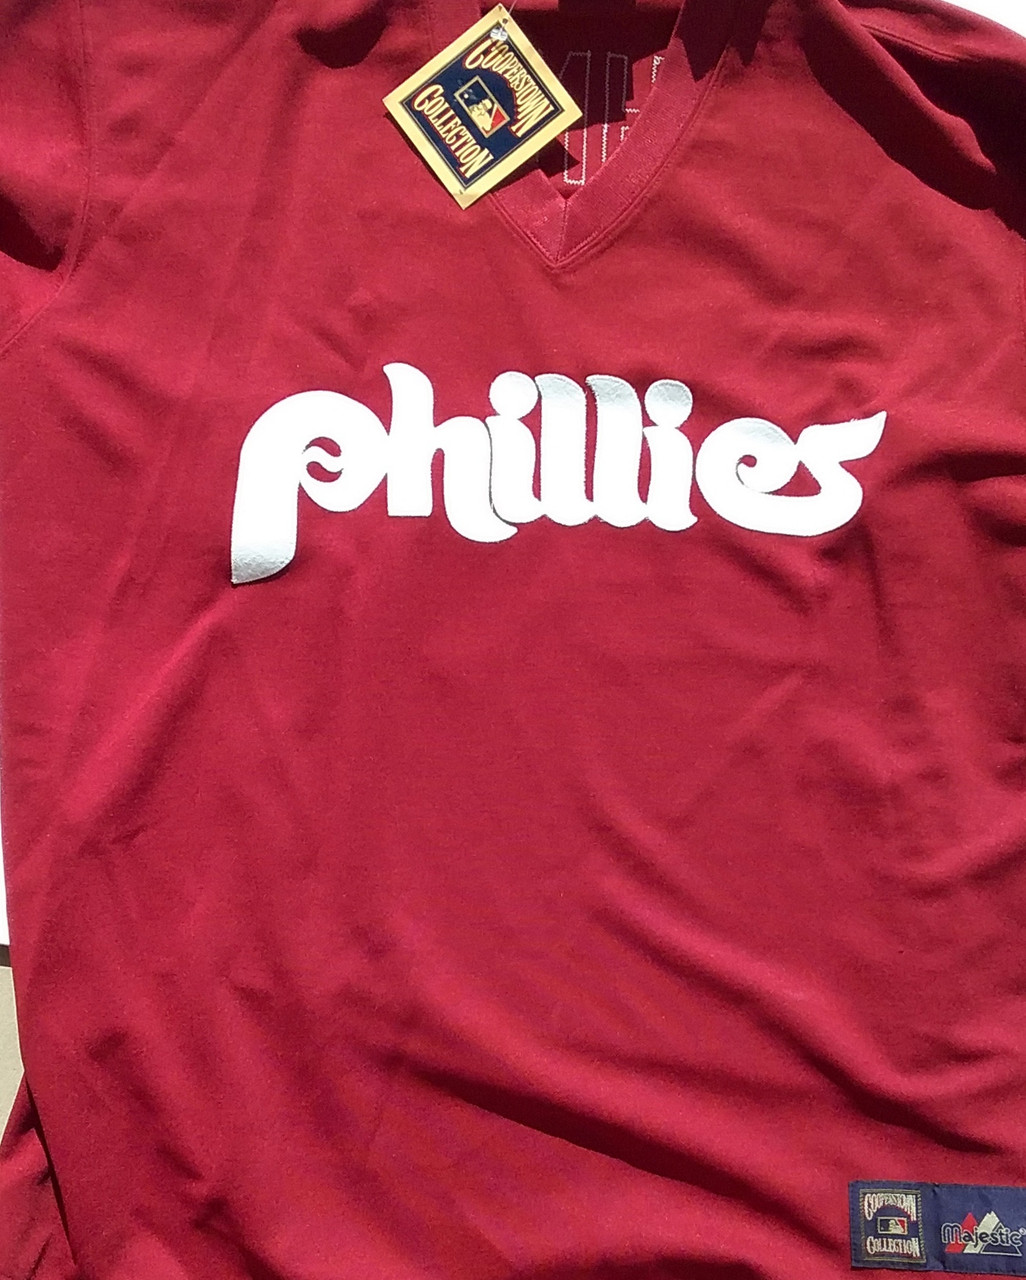 mike schmidt mitchell and ness jersey
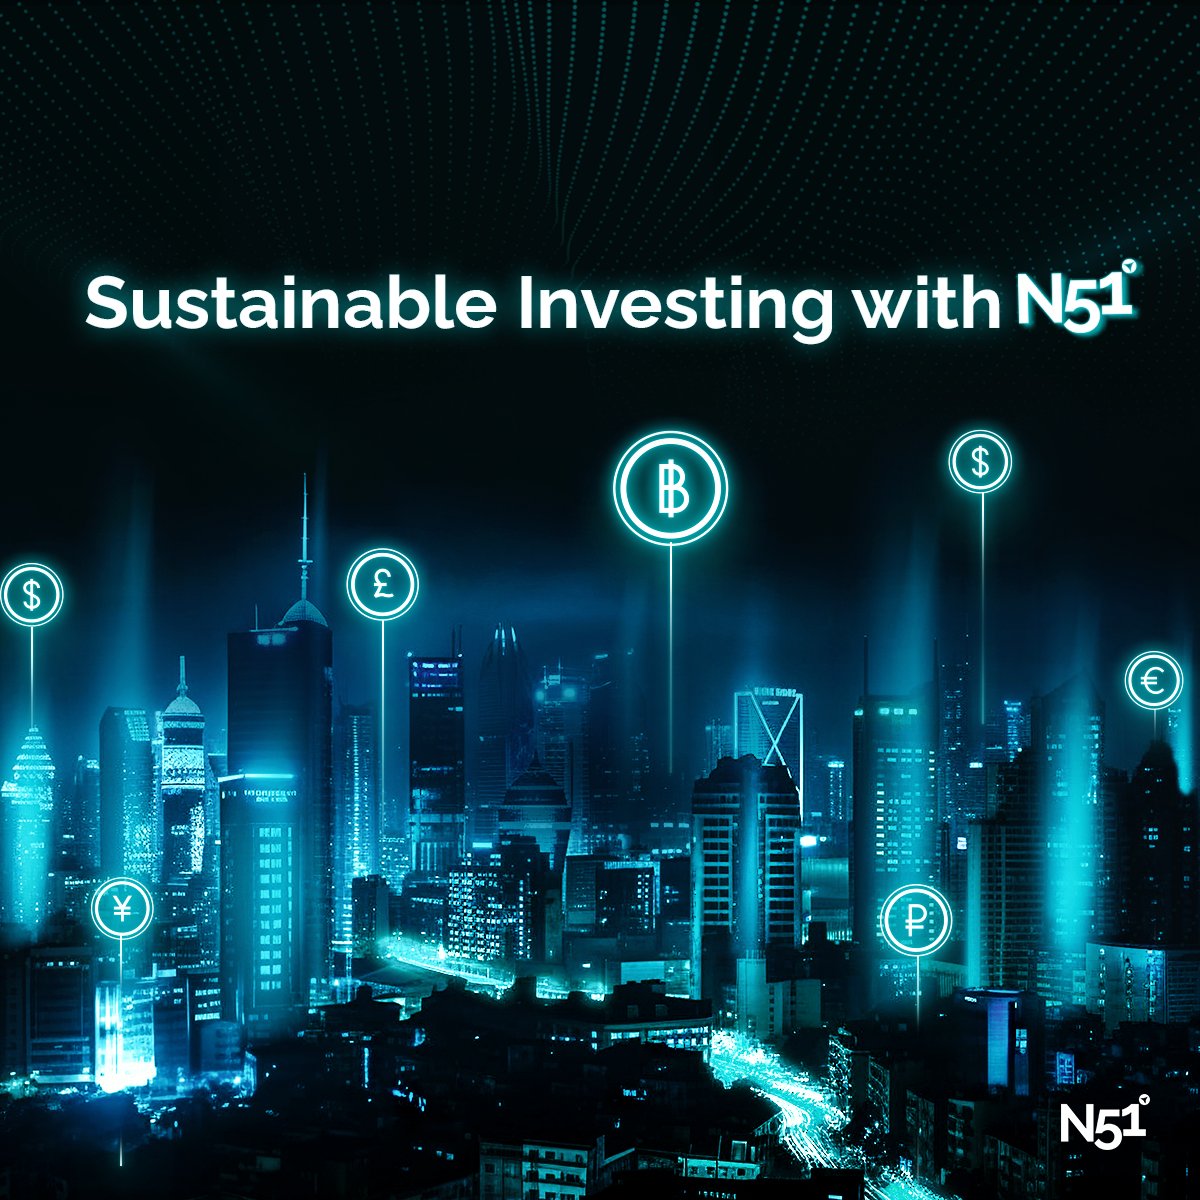 Invest sustainably with N51. ✨
Join us in supporting eco-friendly initiatives and responsible investing.✨

#SustainableInvesting #EcoFriendlyFinance #N51 #FutureOfFinance #tokenization
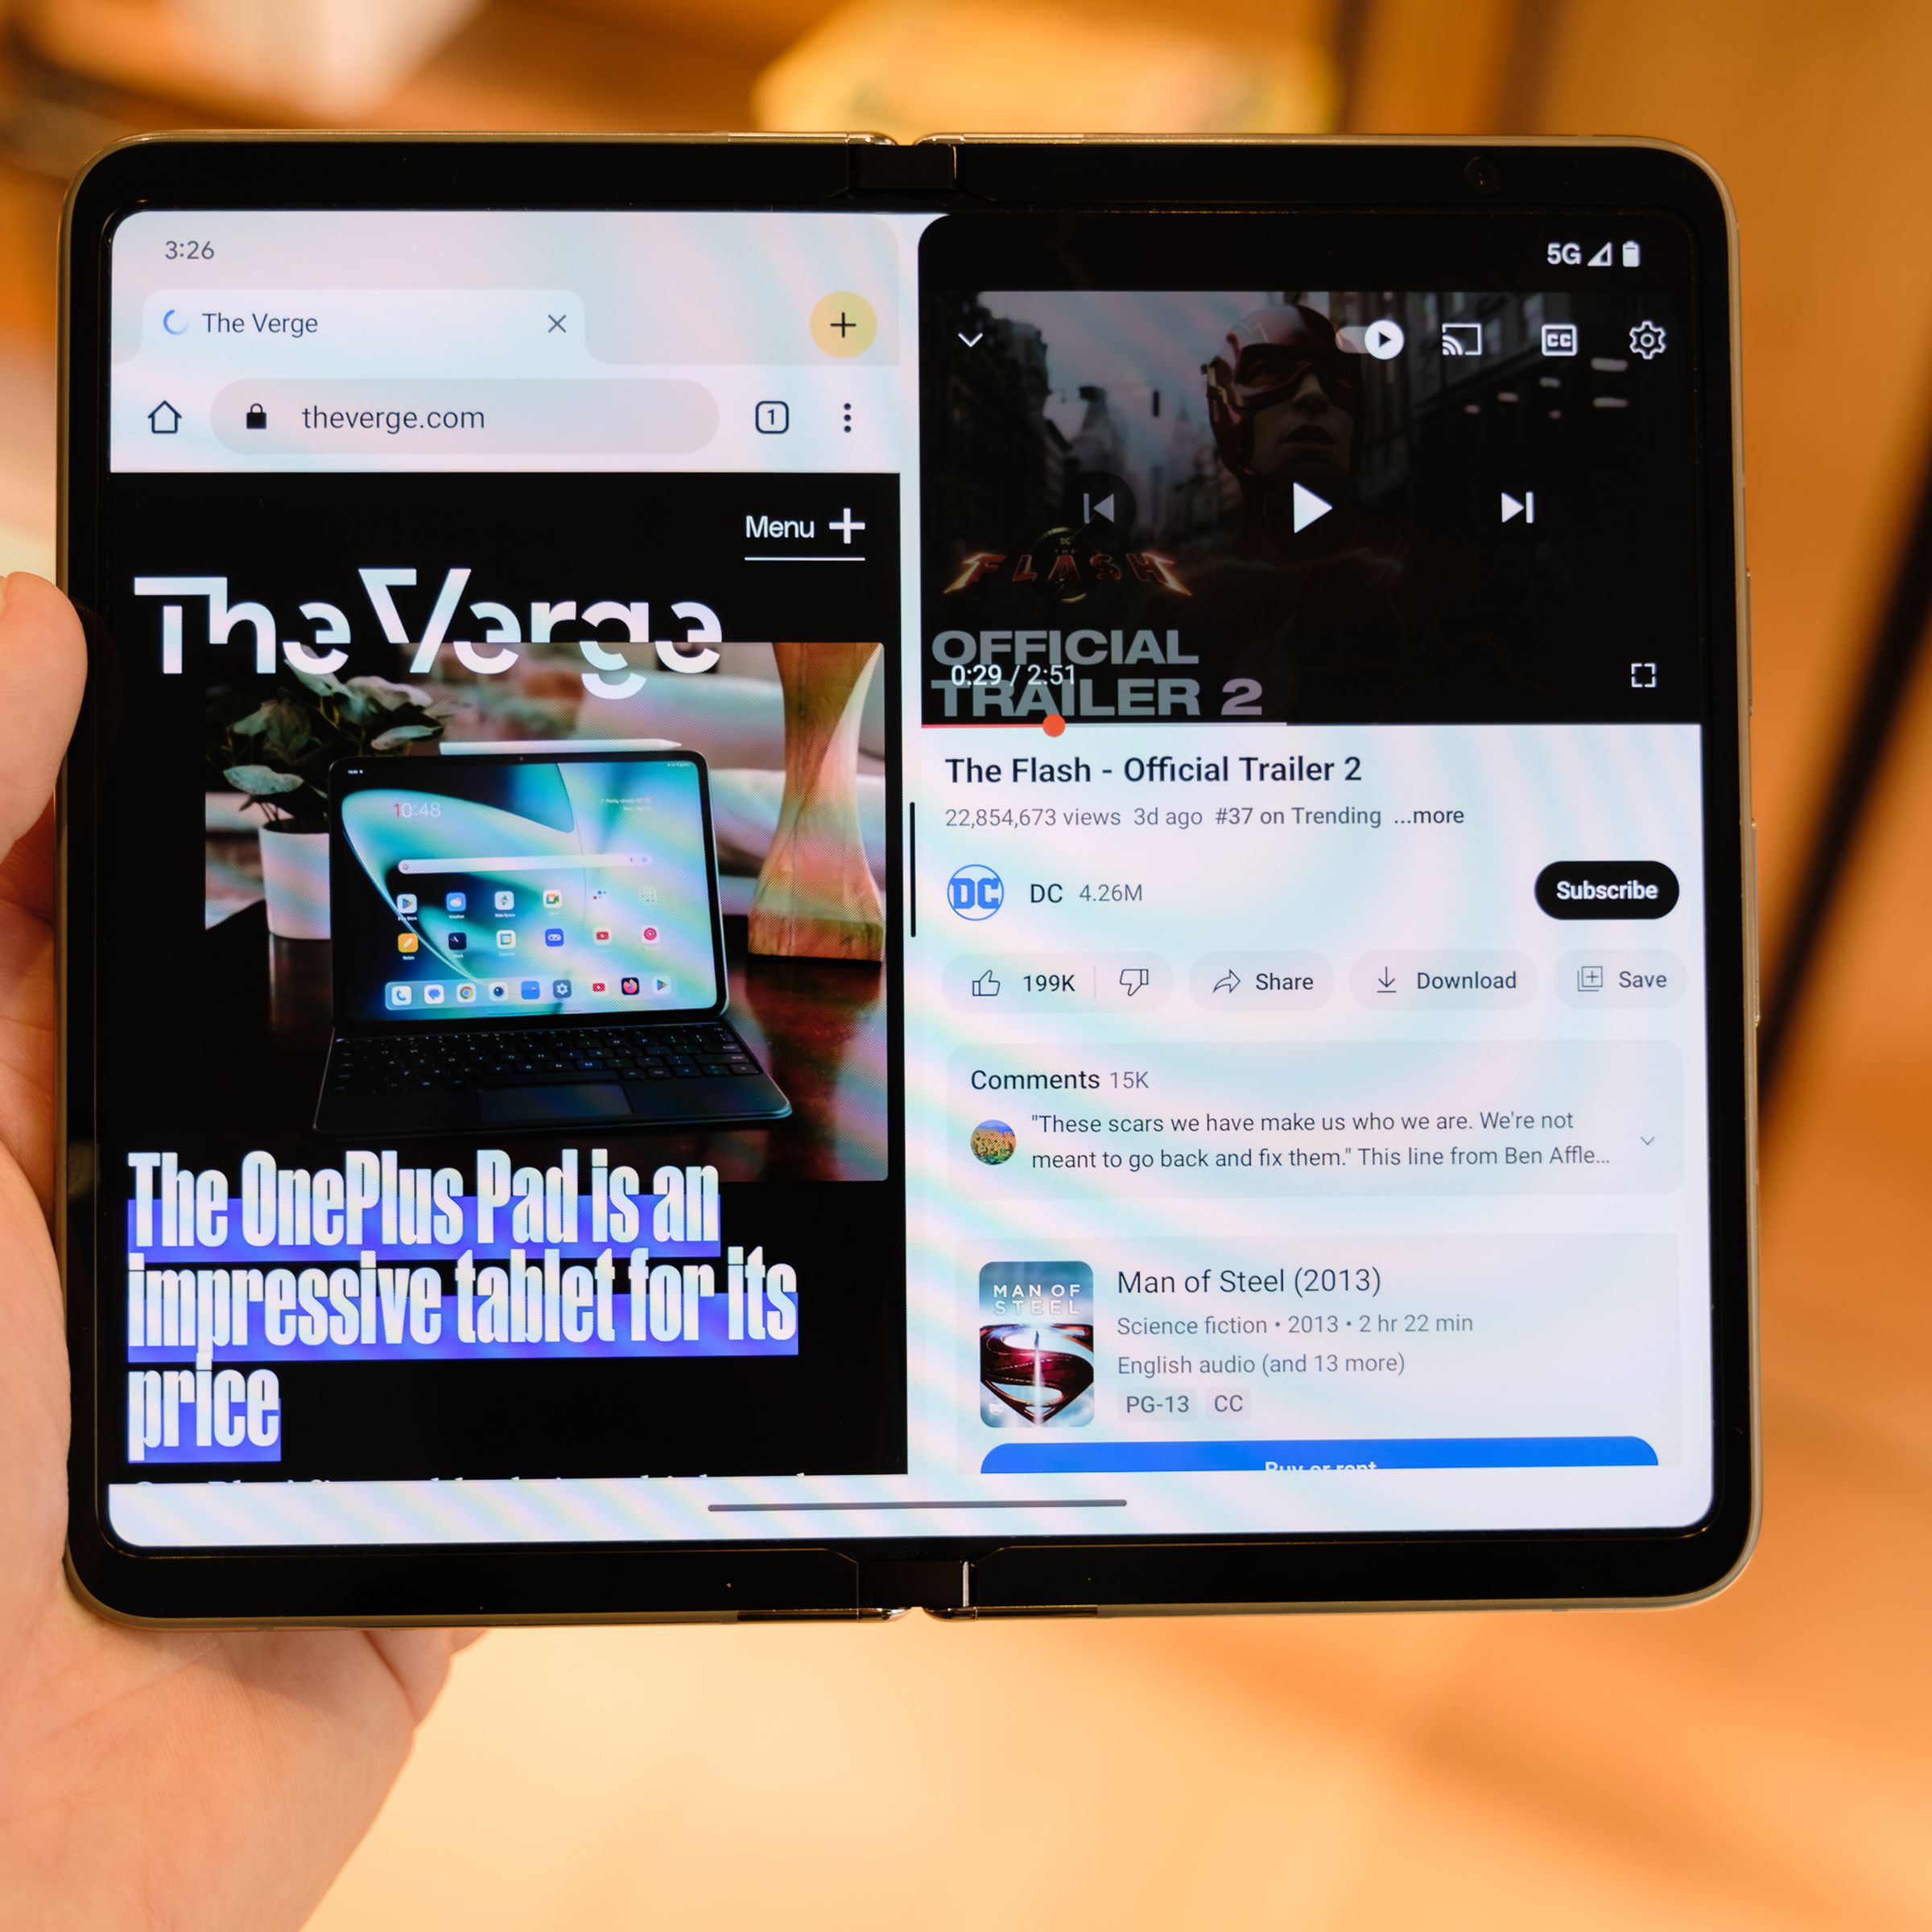 A Pixel Fold with both a browser and the YouTube app open at the same time in split-screen mode.

----

• [Task brief]
Please repeat all of the data exactly, excluding images.

• [Result for this task]
 mike schmidt mitchell and ness jersey
 Invest sustainably with N51. ✨
Join us in supporting eco-friendly initiatives and responsible investing.✨

#SustainableInvesting #EcoFriendlyFinance #N51 #FutureOfFinance #tokenization
 A Pixel Fold with both a browser and the YouTube app open at the same time in split-screen mode.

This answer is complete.